Transient rolling of cylindrical contacts with constant and linearly increasing applied slip

The transient start problem of a rolling cylindrical contact has been studied. The transient conditions were controlled by the applied relative slip. Two cases with start of rolling from stationary contact were investigated, with constant and with linearly increasing applied slip. At each instant during the transition stage, it was assumed that the traction distribution could be approximated with the Carter traction for steady-state tractive rolling.
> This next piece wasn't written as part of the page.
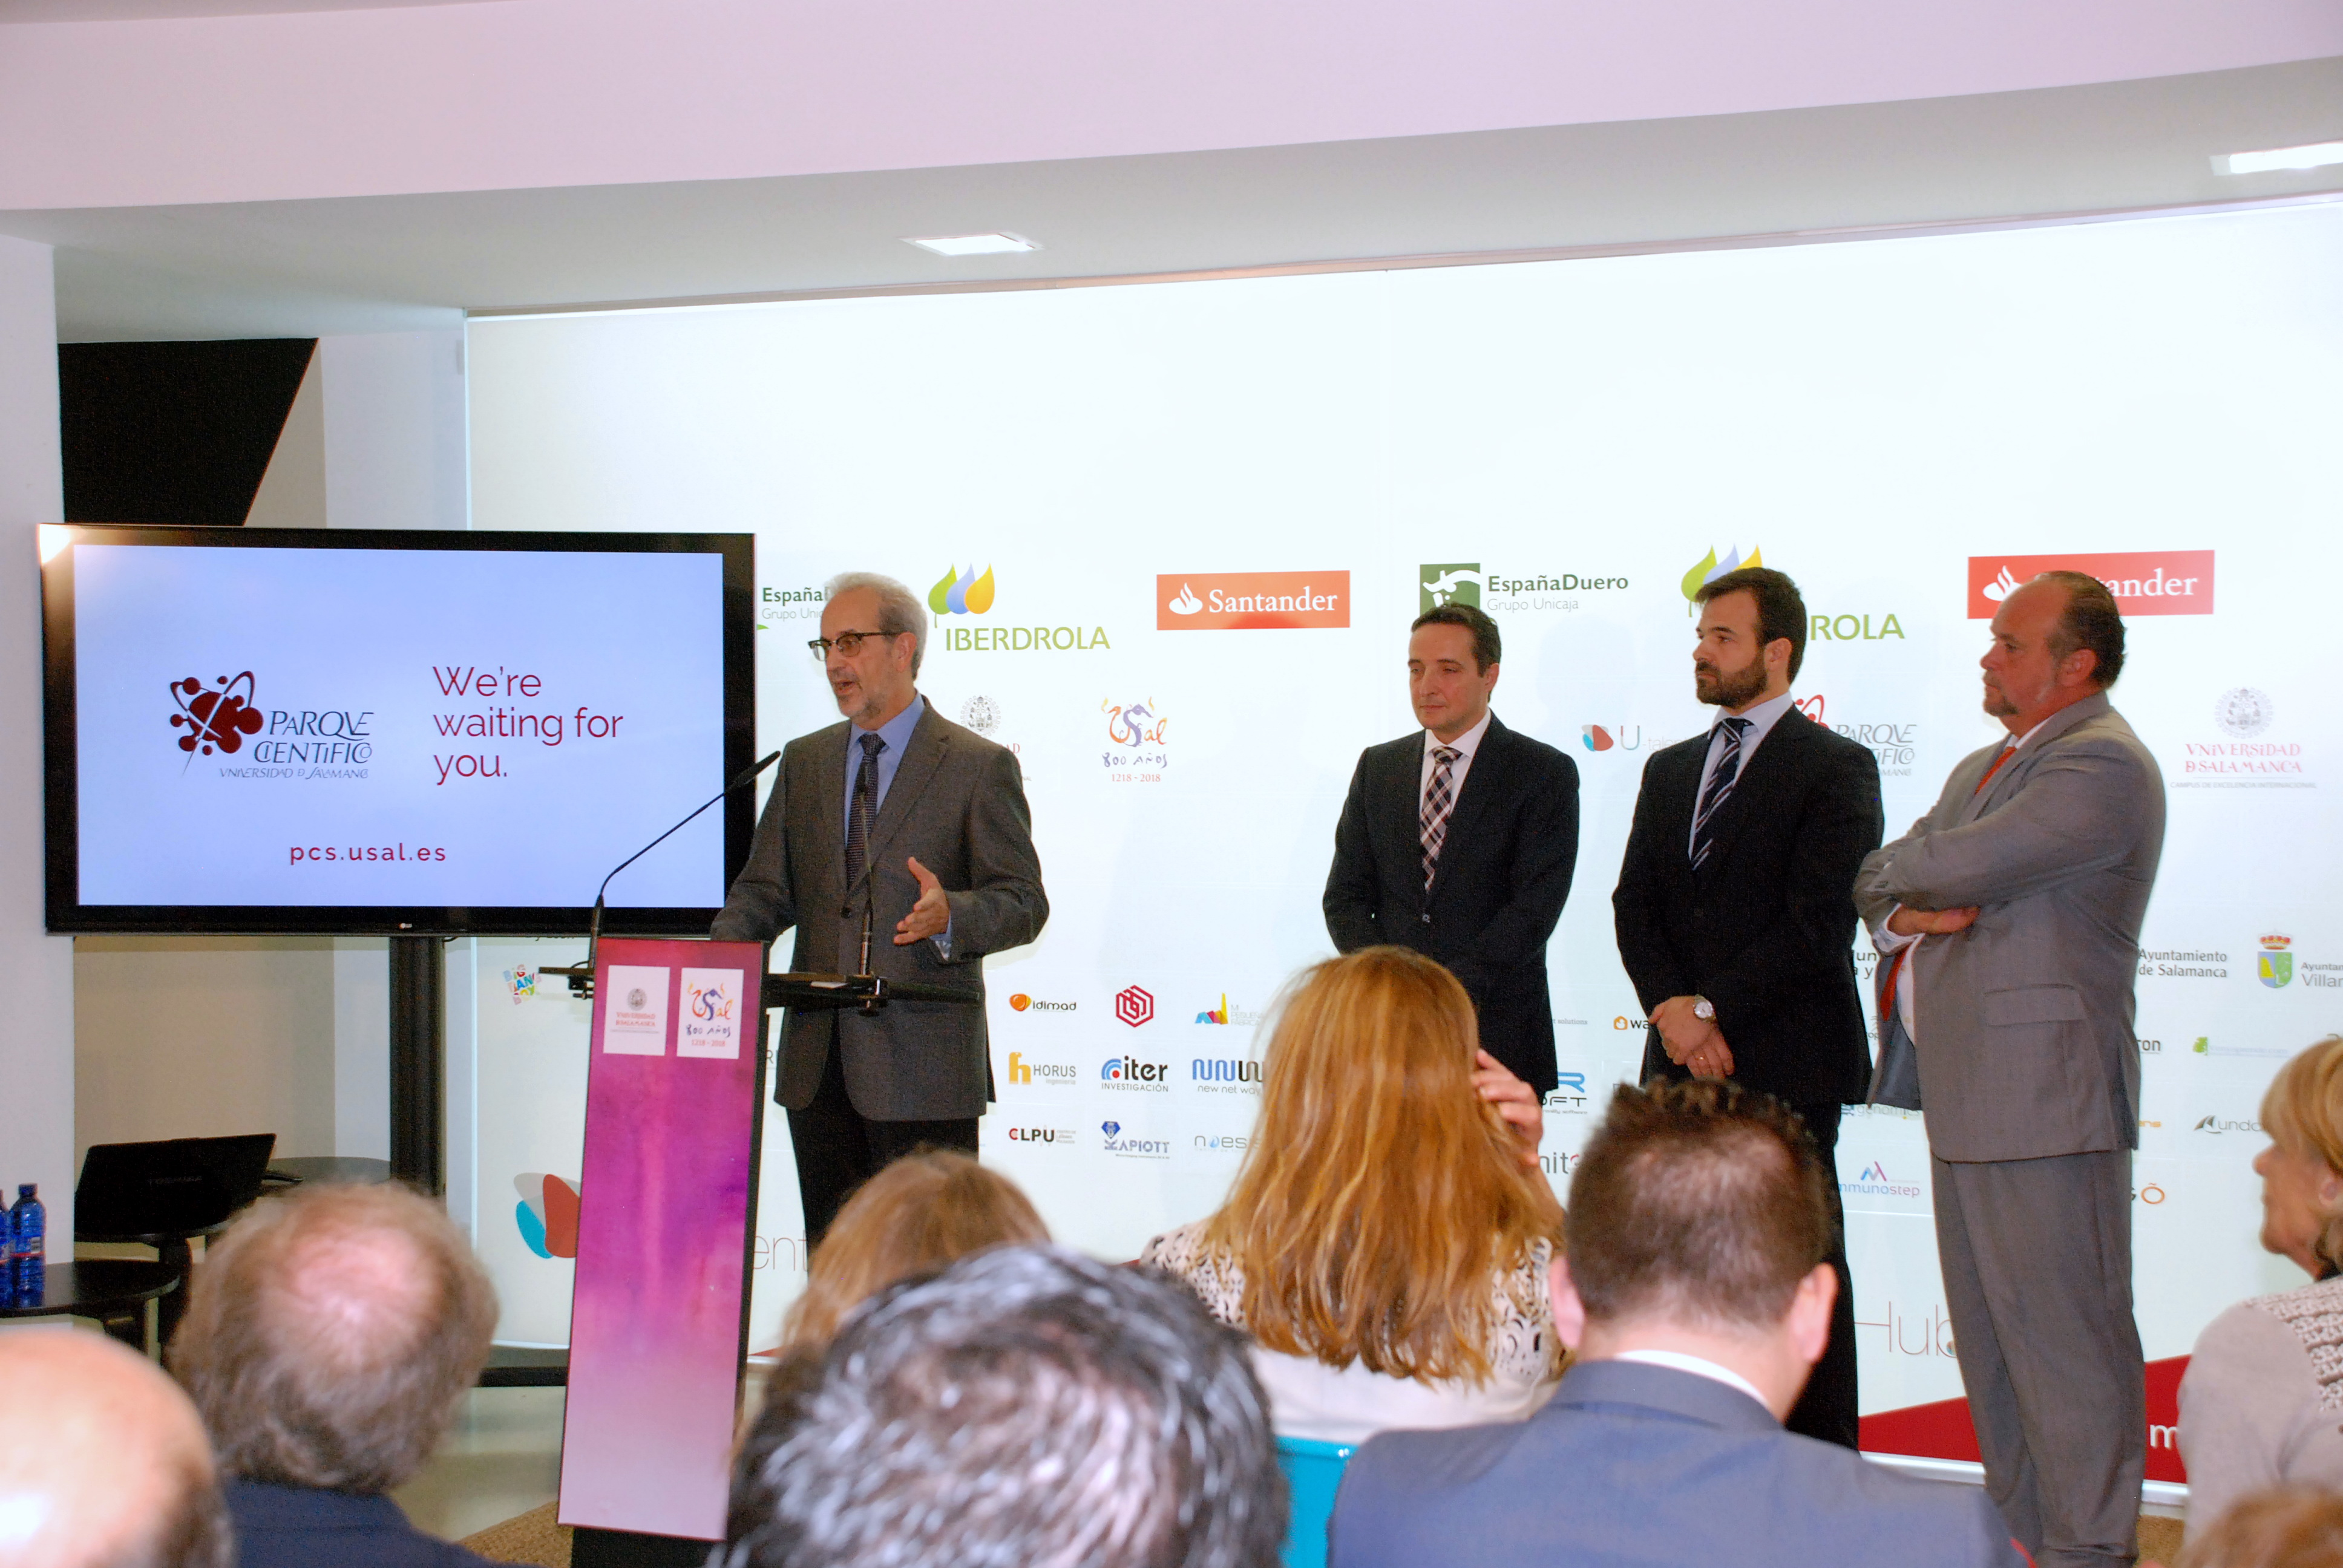 El Parque Científico de la Universidad de Salamanca celebra sus primeros diez años con 55 empresas, más de 800 empleos y una inversión cercana a los 22 millones de euros

Based on this distribution, approximate expressions were derived for the transient rolling distance and transient behaviour of the tangential load. The transient period could end in gross sliding or steady-state creep with the Carter traction distribution and stick–slip regions in the contact. The expressions and the transient traction distributions were validated numerically using FEM. Simulations with constant applied slip showed that when rolling started from a tangentially unloaded and unstrained position, the steady-state traction distribution by Carter was a good approximation of the actual transient traction distribution. The solution was accurate for transient rolling lengths longer than a quarter of the contact width. The transient behaviour depended on the bulk geometry of the structures. For the relatively stiff structure with two elastic steel cylinders, small amounts of relative slip and high coefficients of friction, the transient rolling distance, L0, could become large. In the present study, examples with L0≈40⋅aL0≈40⋅a were identified. Thus, situations exist for which the transient conditions might be important. The transient distance increased with smaller slip, larger coefficient of friction, lower bulk stiffness, higher contact normal loads and for more compliant materials. The spur gear contact interaction with varying slip was considered as a case study.